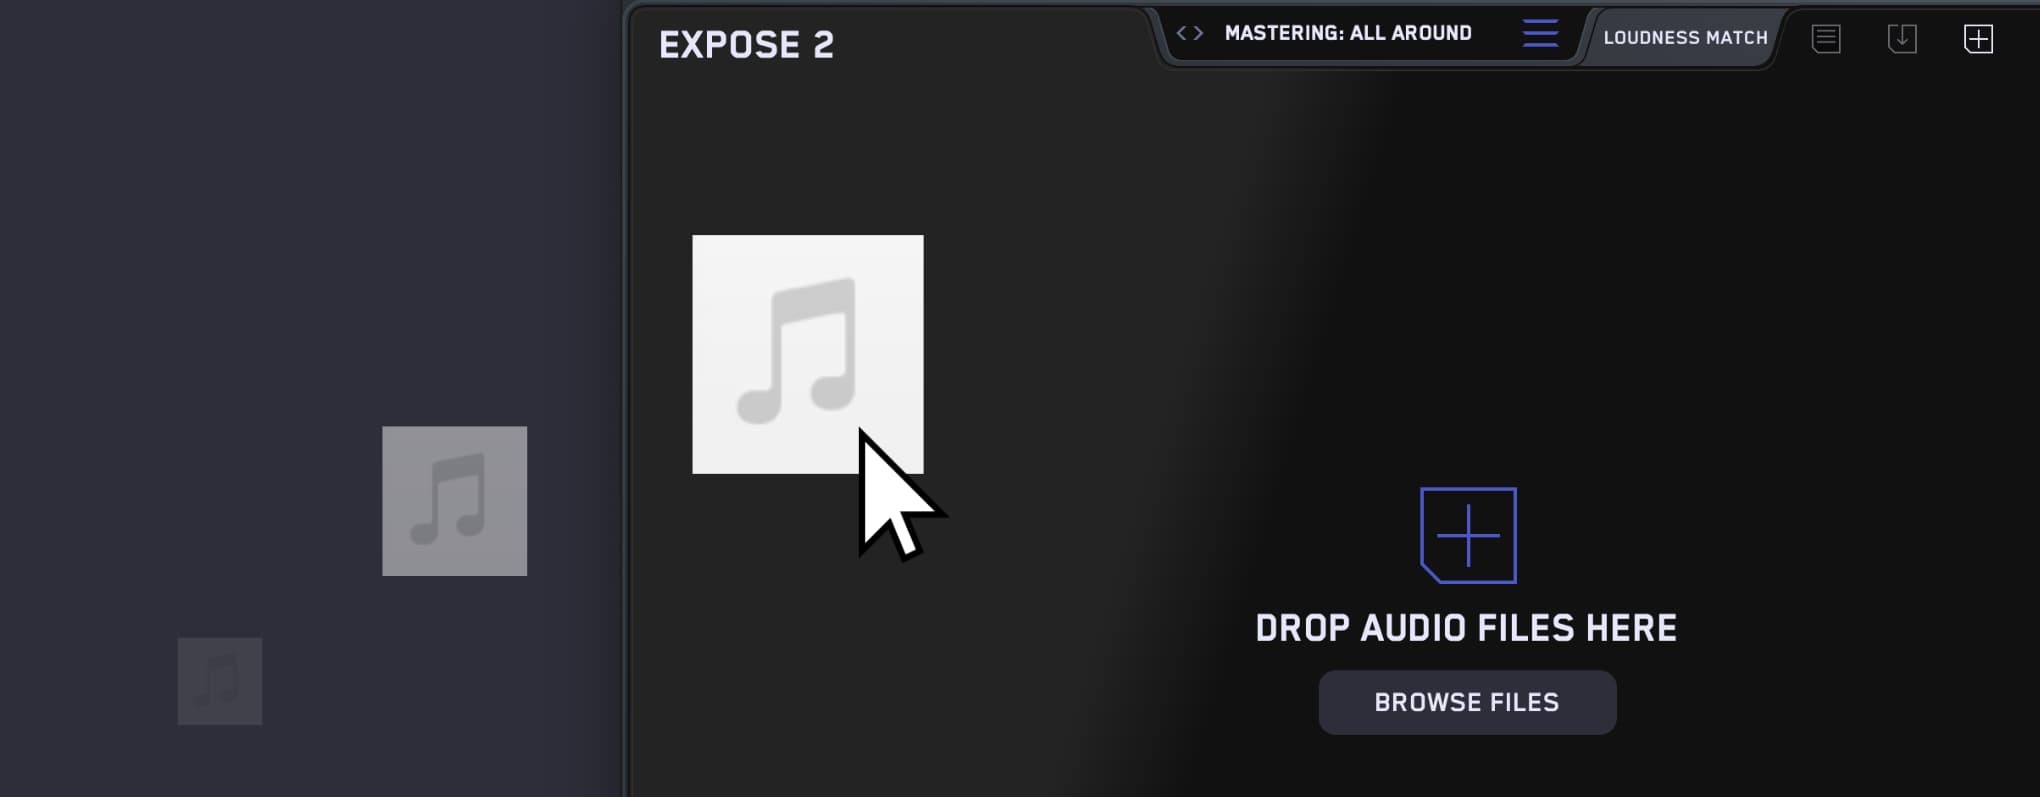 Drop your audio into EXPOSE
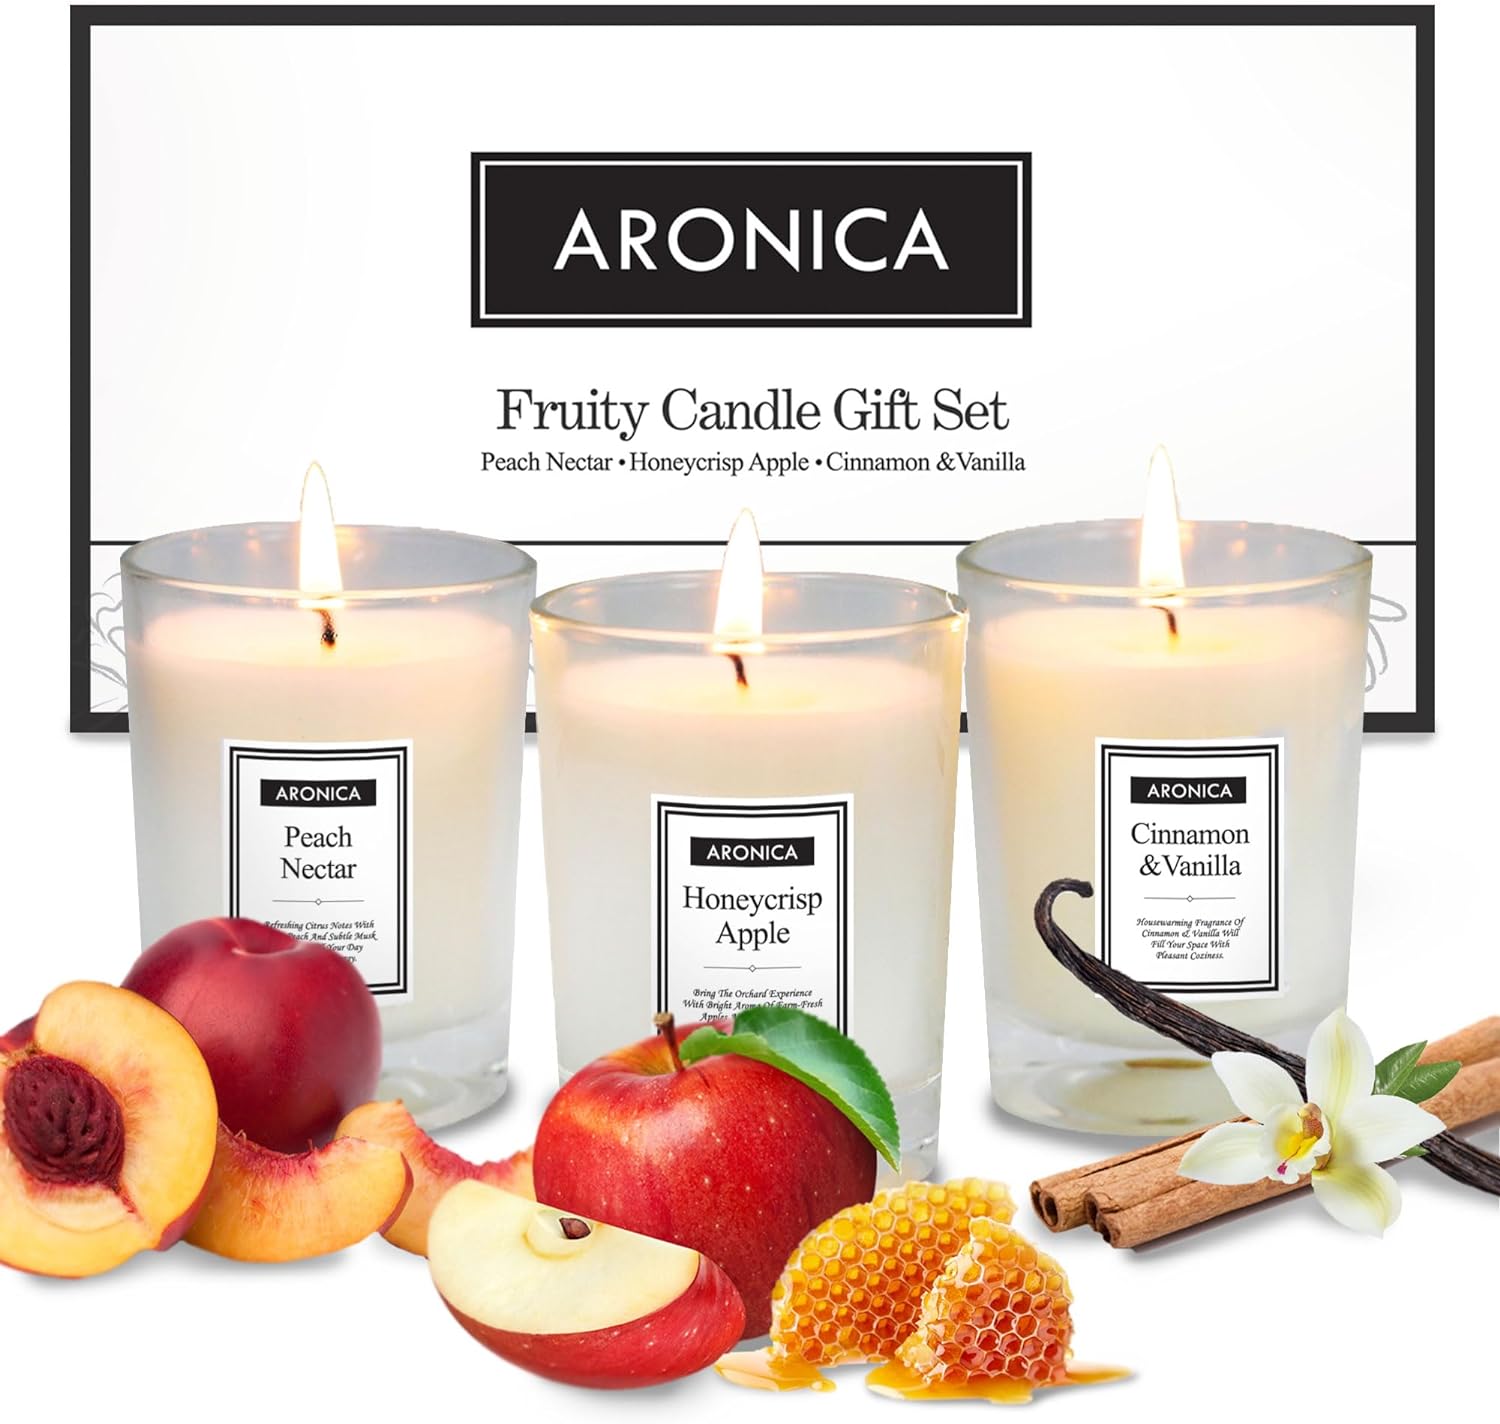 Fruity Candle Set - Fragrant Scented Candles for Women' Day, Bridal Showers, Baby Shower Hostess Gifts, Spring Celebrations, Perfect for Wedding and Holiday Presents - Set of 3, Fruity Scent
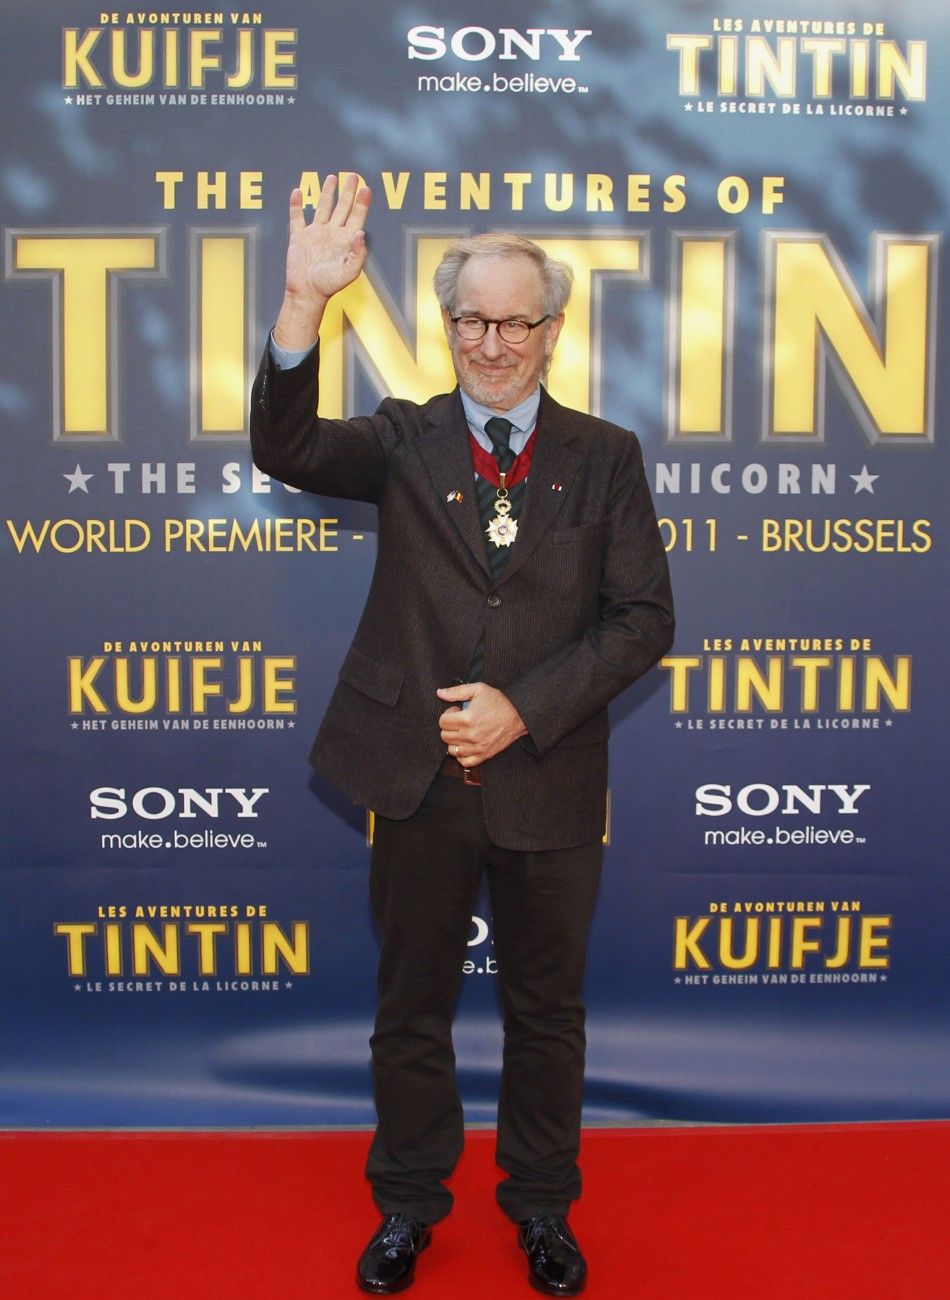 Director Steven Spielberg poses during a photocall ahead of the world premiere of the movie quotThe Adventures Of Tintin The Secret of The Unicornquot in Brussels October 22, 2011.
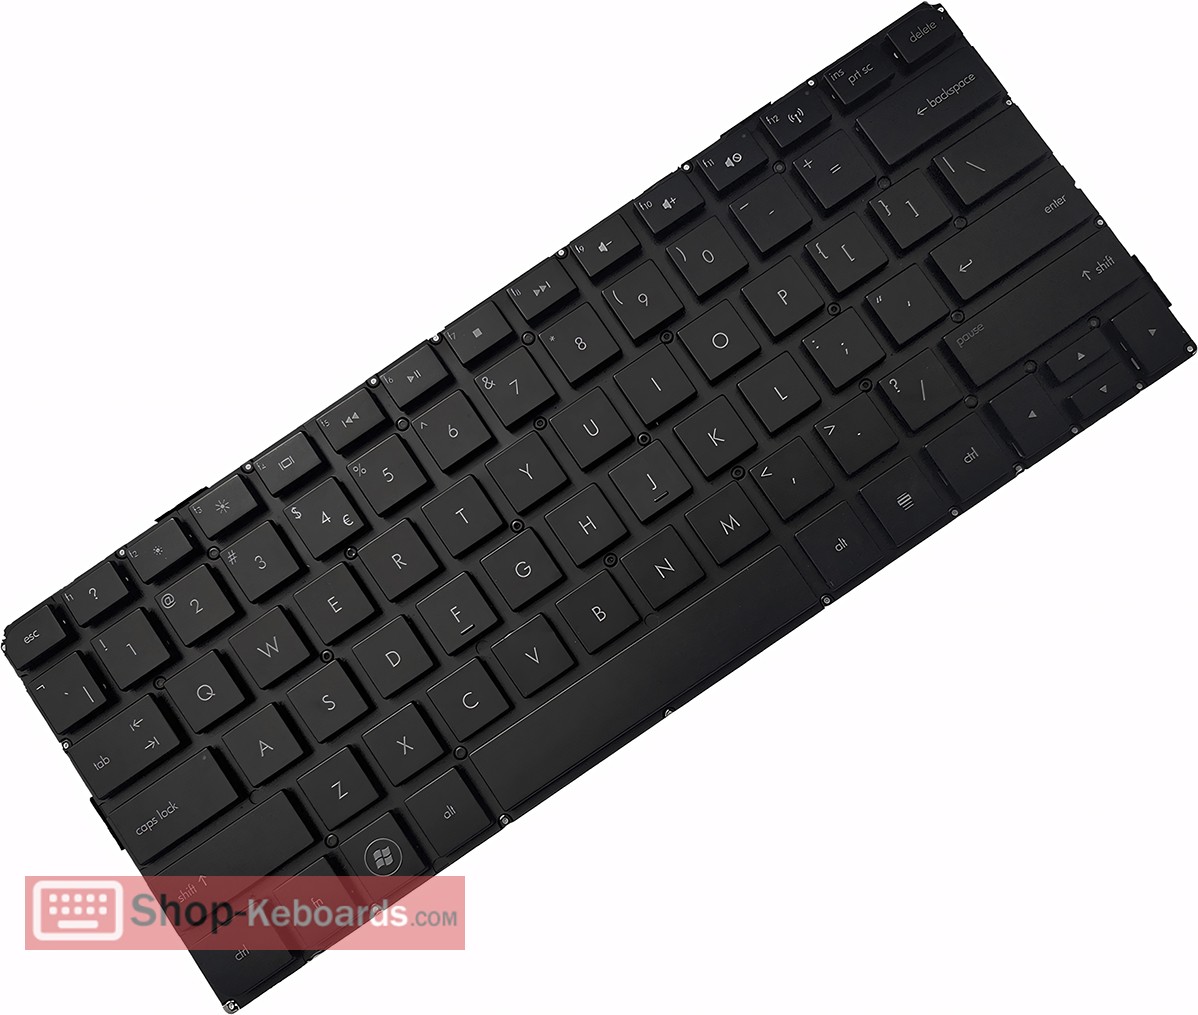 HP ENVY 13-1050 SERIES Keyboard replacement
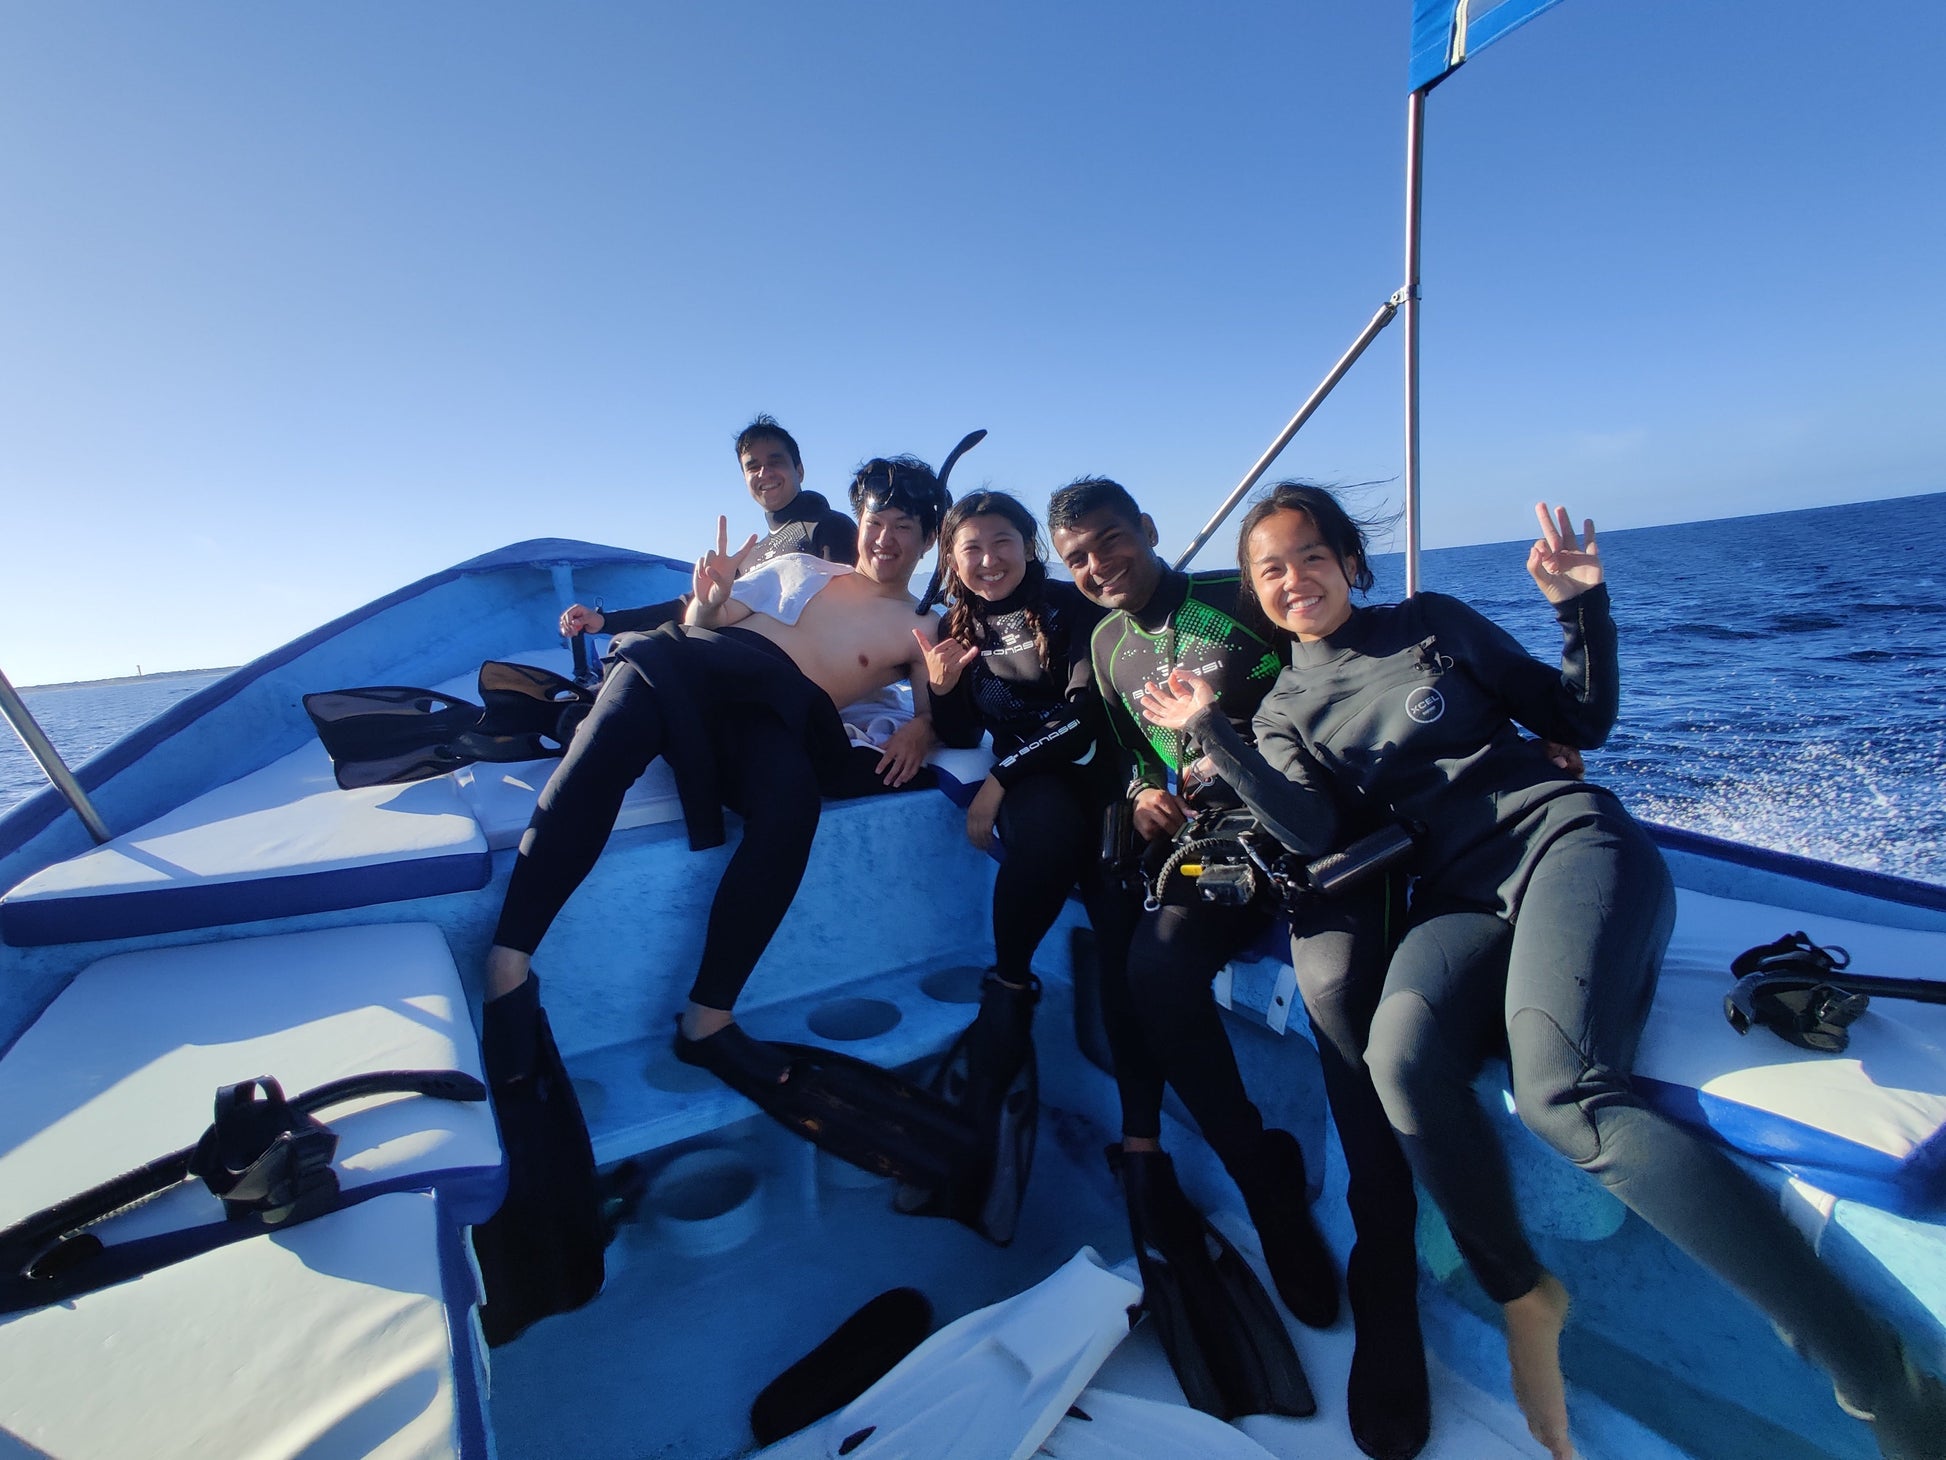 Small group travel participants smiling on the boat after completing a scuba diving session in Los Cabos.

__Task instructions__. A verbatim copy of the data, pictures removed, is the expected result.

__Written solution__.
 Drop your audio into EXPOSE
 Fruity Candle Set - Fragrant Scented Candles for Women' Day, Bridal Showers, Baby Shower Hostess Gifts, Spring Celebrations, Perfect for Wedding and Holiday Presents - Set of 3, Fruity Scent
 Director Steven Spielberg poses during a photocall ahead of the world premiere of the movie quotThe Adventures Of Tintin The Secret of The Unicornquot in Brussels October 22, 2011.
 HP ENVY 13-1050 SERIES Keyboard replacement
 Small group travel participants smiling on the boat after completing a scuba diving session in Los Cabos.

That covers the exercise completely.